Content starts

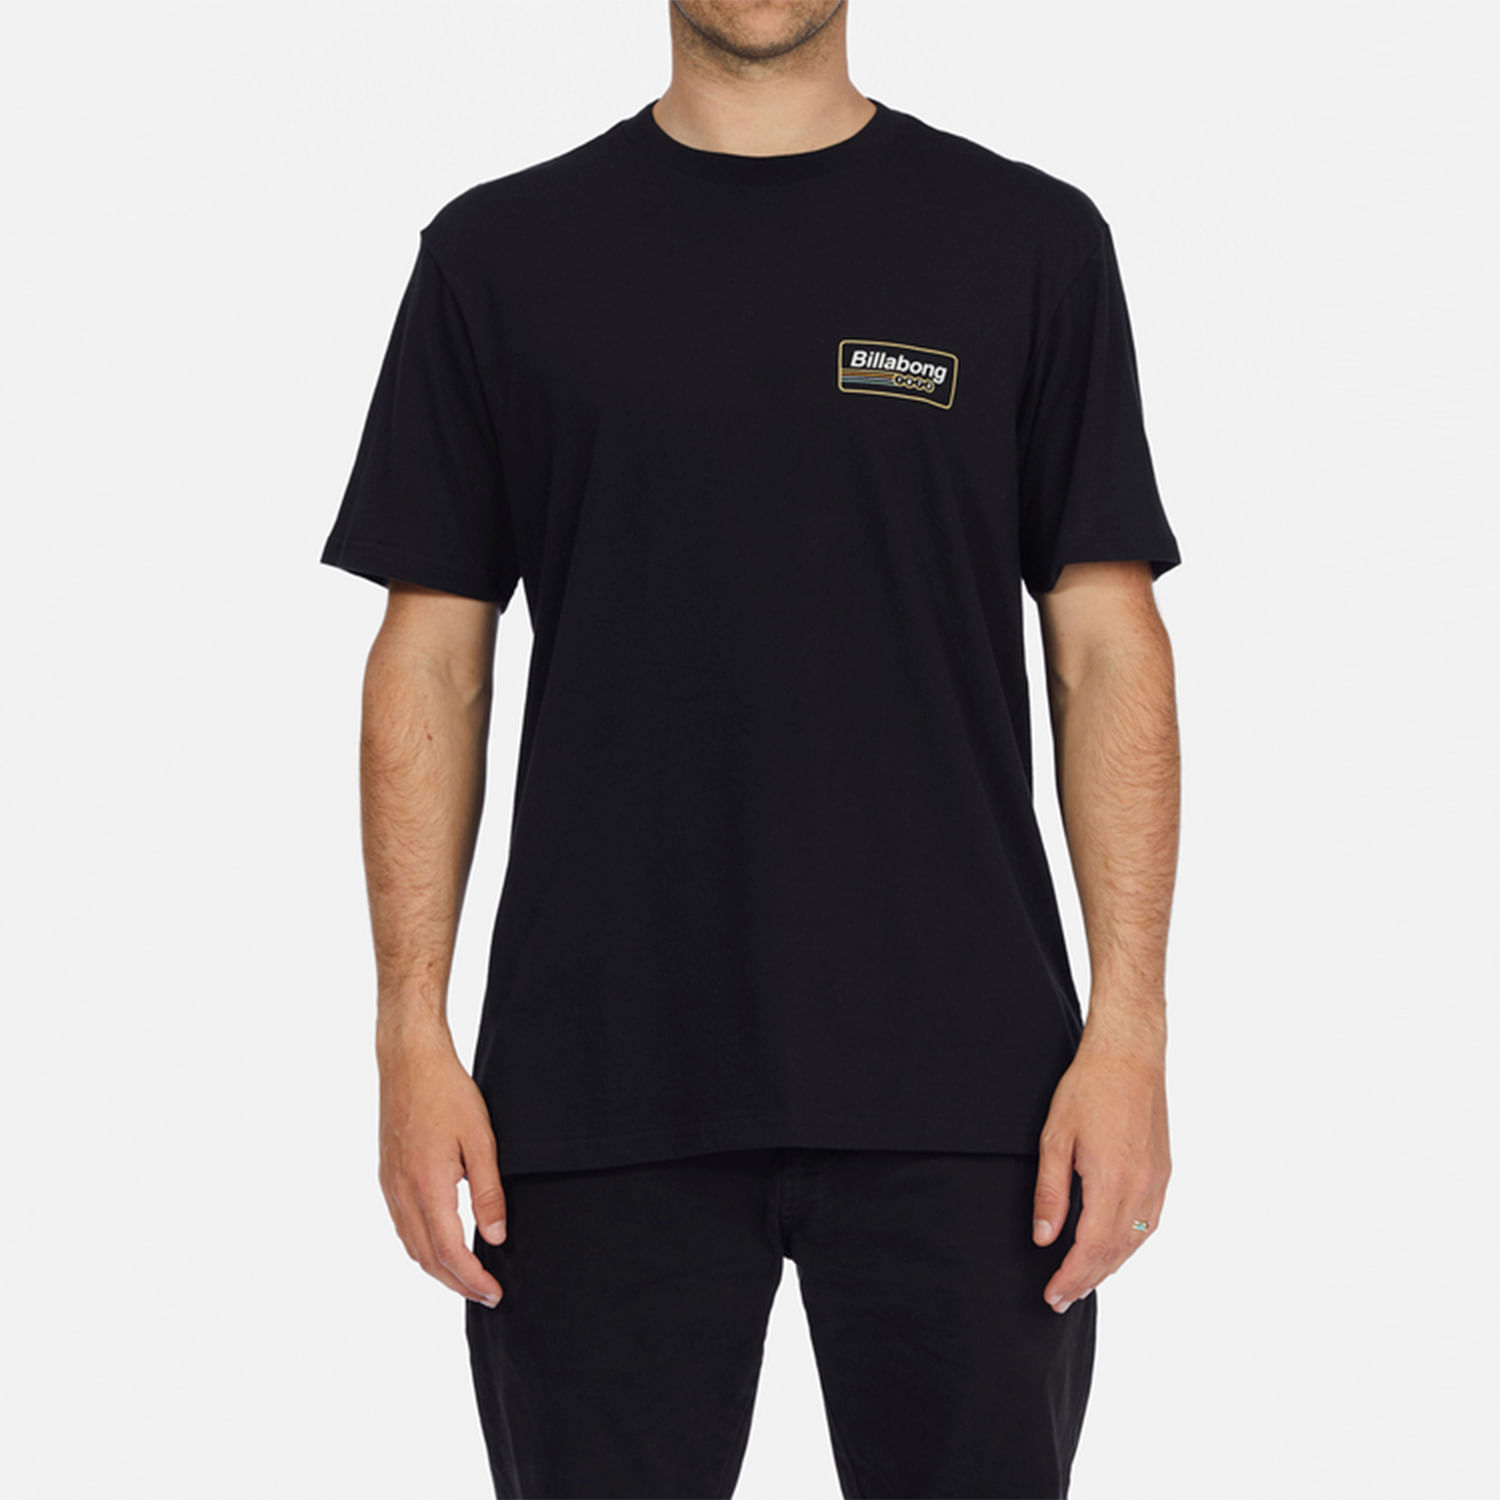 Camiseta Billabong Hombre Nuevos - Heat Corta Sleeve Negros
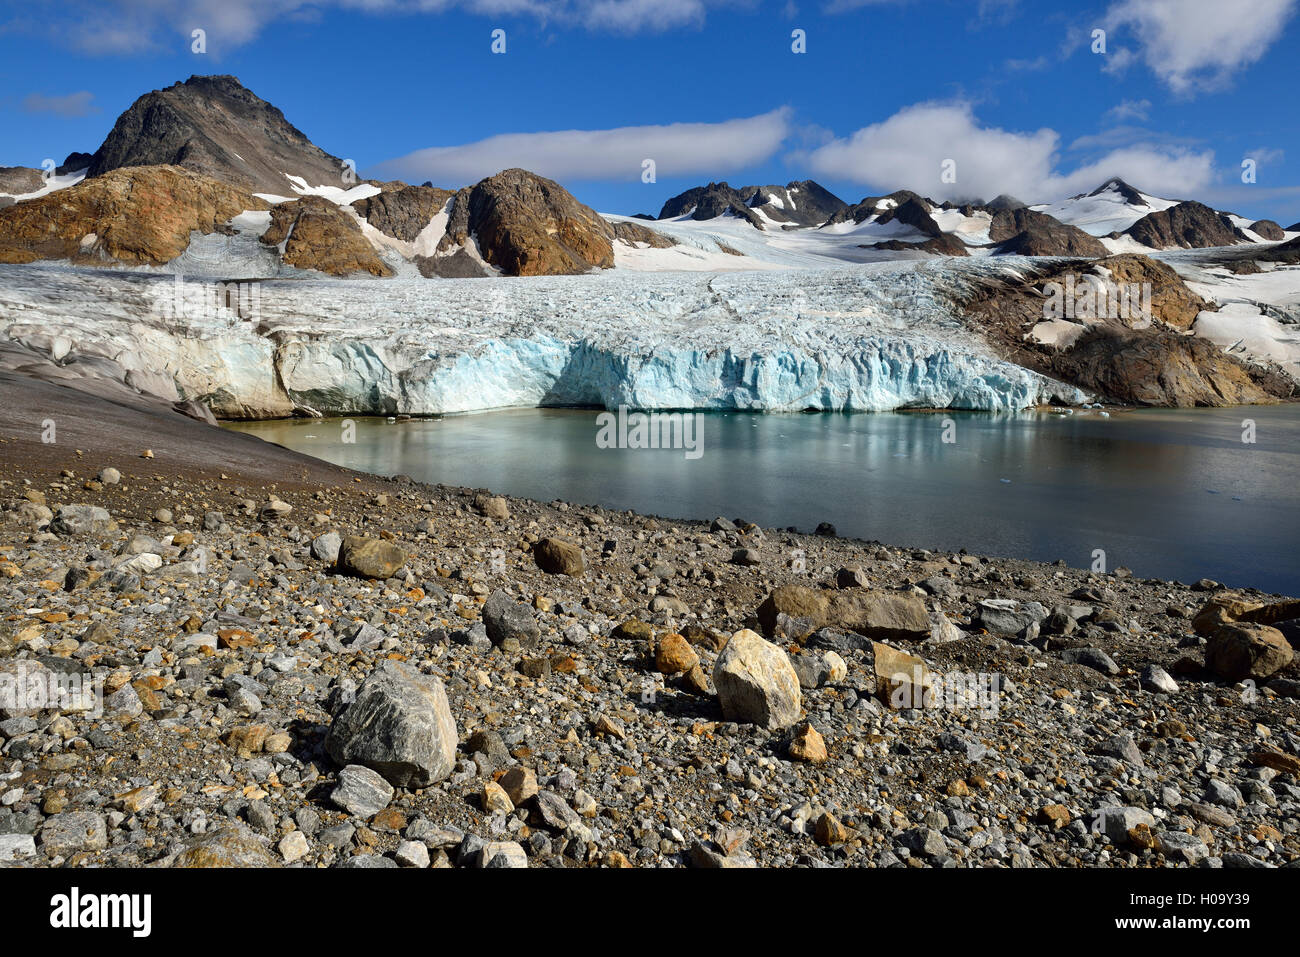 Apusiaajik glacier, near Kulusuk, East Greenland, Greenland Stock Photo
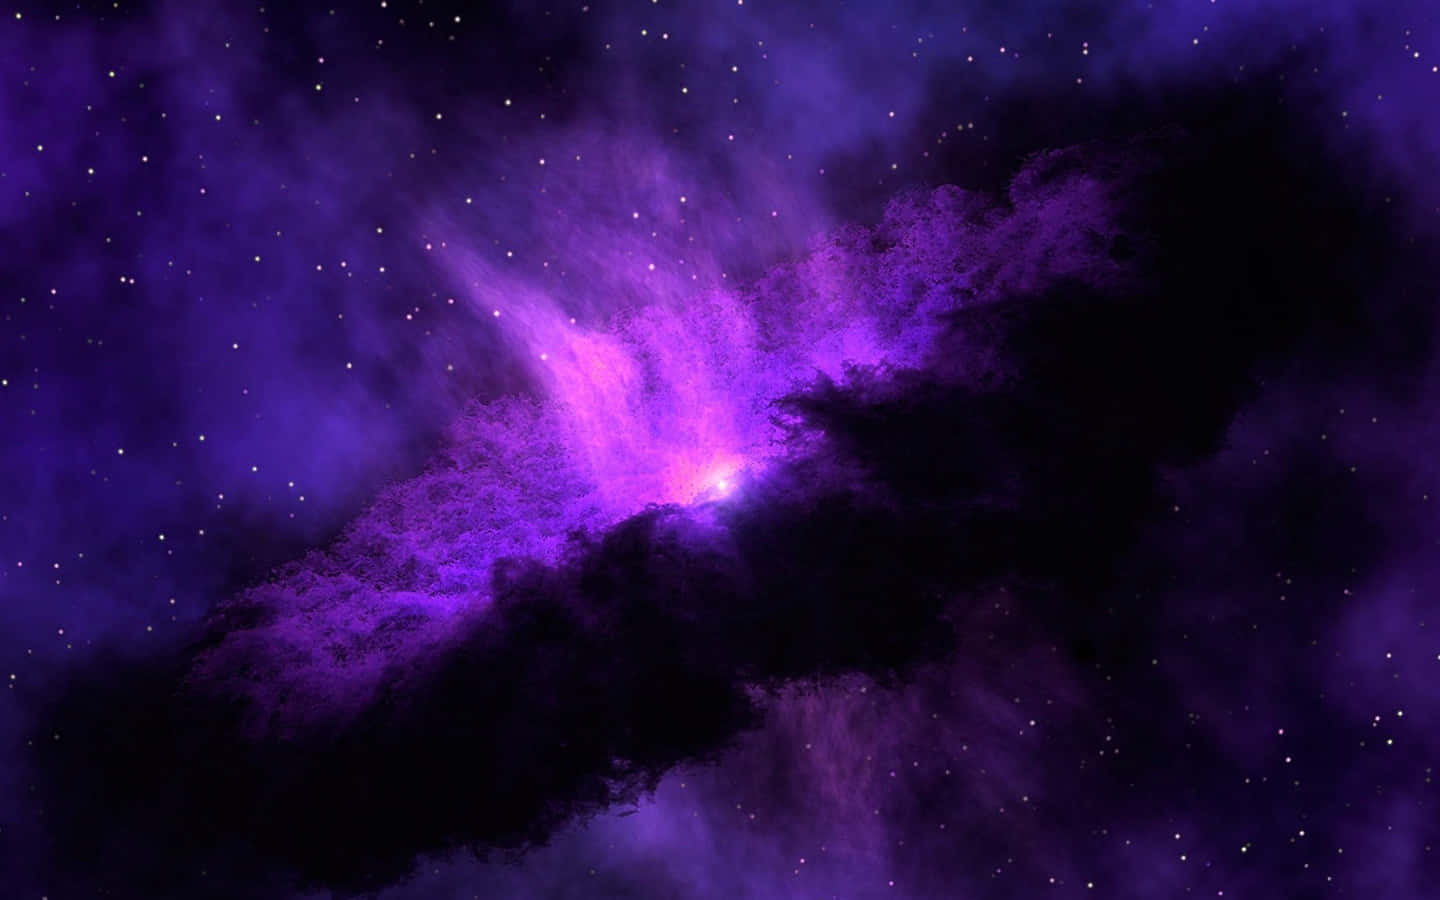 A Close-Up View of Nebula Clouds

Content ends

- THE TASK -
From start to finish, output the listing exactly, but omit its pictures.

- THE COMPLETED TASK -
 Camiseta Billabong Hombre Nuevos - Heat Corta Sleeve Negros
 Apusiaajik glacier, near Kulusuk, East Greenland, Greenland Stock Photo
 A Close-Up View of Nebula Clouds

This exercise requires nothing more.